Remembering Dr. Martin Luther King Jr.

Dr. Martin Luther King, Jr. (Colored pencil drawing)Over the past few years, I have tried to find new ways to celebrate MLK day.  I’ve been to celebrations at city halls in various cities, variety shows showcasing drama, music, dance and other talents in honor of Dr. King.  I’ve participated in marches to commemorate his legacy and watched television programs about his contribution to the Civil Rights Movement on this holiday.  So this year, I decided to celebrate the memory of Dr. King by writing a blog article.

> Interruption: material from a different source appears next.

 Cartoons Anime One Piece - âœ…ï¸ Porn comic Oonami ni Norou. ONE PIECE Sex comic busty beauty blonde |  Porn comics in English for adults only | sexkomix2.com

The first time I remember ever seeing a picture of Dr. King was in my home as a child when my dad was watching the Eyes on the Prize documentary, which was aired on PBS and, in rich detail, chronicles the Civil Rights Movement.  I recall seeing segments of Dr. King giving speeches and sermons with his trademark ringing voice that aroused, at that time, an unexplainable surge of energy and emotion within me.  I saw the footage of him leading protest marches, getting pelted with rocks, other protesters being attacked by police, dogs, and firemen with forceful blasts from water-hoses.  Those images, along with other horrific photos such as African-Americans being lynched, hung from trees, and even having their bodies burned by racist mobs were, to say the least, eye opening.  I was shocked to see such brutality; angered that people were treated so viciously because of the color of their skin, the same color as my skin.  After watching that documentary as a child, I had many questions that I needed to be answered.

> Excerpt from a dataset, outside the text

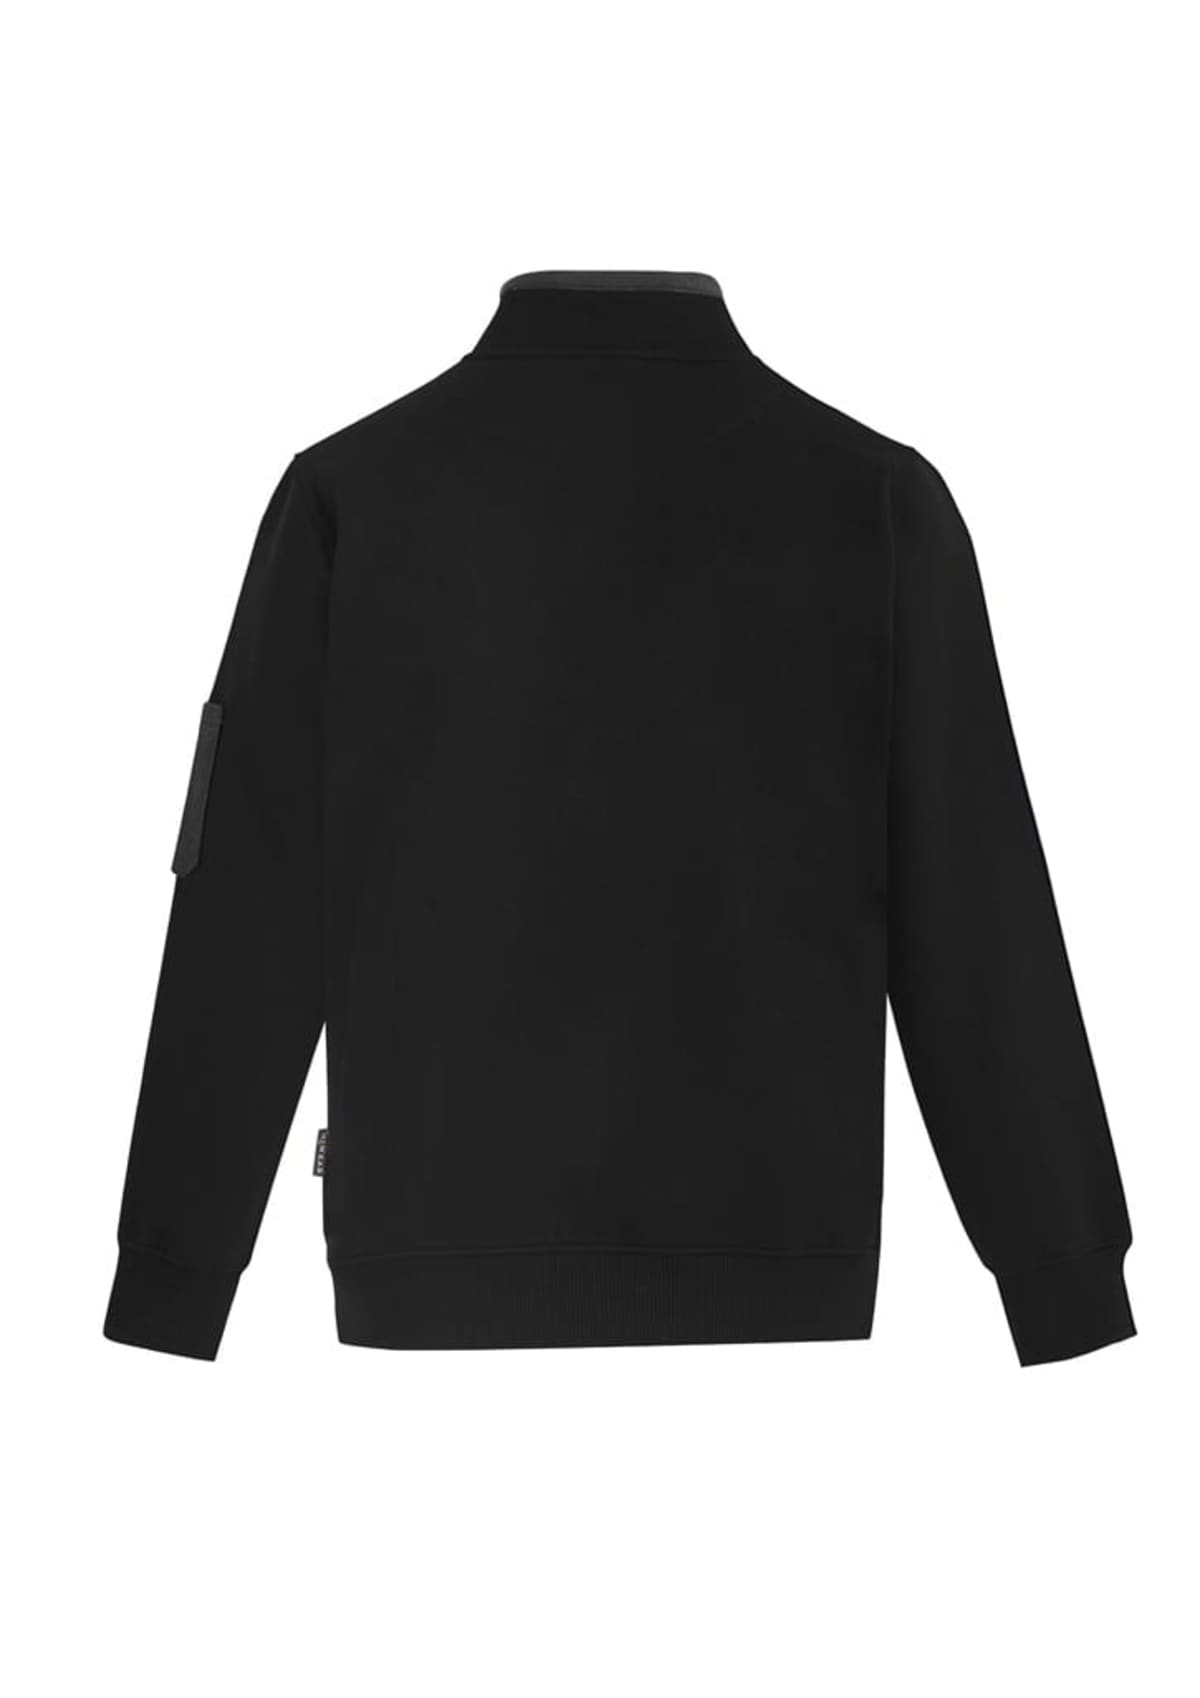 Unisex 1/4 Zip Brushed Fleece Pullover

When I was in fifth grade, my elementary teacher passed out a book order form.  These were forms from a particular company that our school partnered with in order to give students an opportunity to purchase books of their own choosing.  It was exciting because it gave us the chance to select books on our own; books that interested us and not books that the teacher mandated we read.  As I scanned through the lists of titles available for purchase, I came across one on the life of Dr. Martin Luther King, Jr.  I asked my parents for money to buy the book and when it was delivered to me at school I couldn’t wait to read every page.  My education on the Civil Rights Movement had begun!  A few years later my parents took me and my brother to visit the Ebenezer Baptist Church in Atlanta, GA, where Dr. King gave many inspirational sermons in his career as a preacher.  We were in Atlanta to attend one of the annual church conventions that my parents would take us to each summer (my father is a preacher as well) and we also got to visit the Martin Luther King Memorial there in Atlanta.

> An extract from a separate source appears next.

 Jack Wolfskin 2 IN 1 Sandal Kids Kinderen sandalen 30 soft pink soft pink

I’ve read so many impressive essays and speeches that Dr. King wrote over the years in which I’ve studied his life, including the collection found in The Autobiography of Martin Luther King, Jr.  I pulled a book off of my bookshelf yesterday titled Bridges And Boundaries: African Americans and American Jews (George Braziller in association with The Jewish Museum, New York) which contains a visual essay including photographs of The Civil Rights Movement.  In it, I found a picture of Dr. King giving a speech in 1968 to the Collection Local 1199 Union, a drug, hospital and healthcare employees union.  My book indicates that in his speech, Dr. King addressed the union members saying “‘You have provided concrete and visible proof that when black and white workers unite in a democratic organization…they can move mountains.'”  That message contains a powerful truth, and if practiced, prescribes a remedy for the many problematic divisions we still find present in today’s society, and which still, unfortunately, threaten our progress as a nation.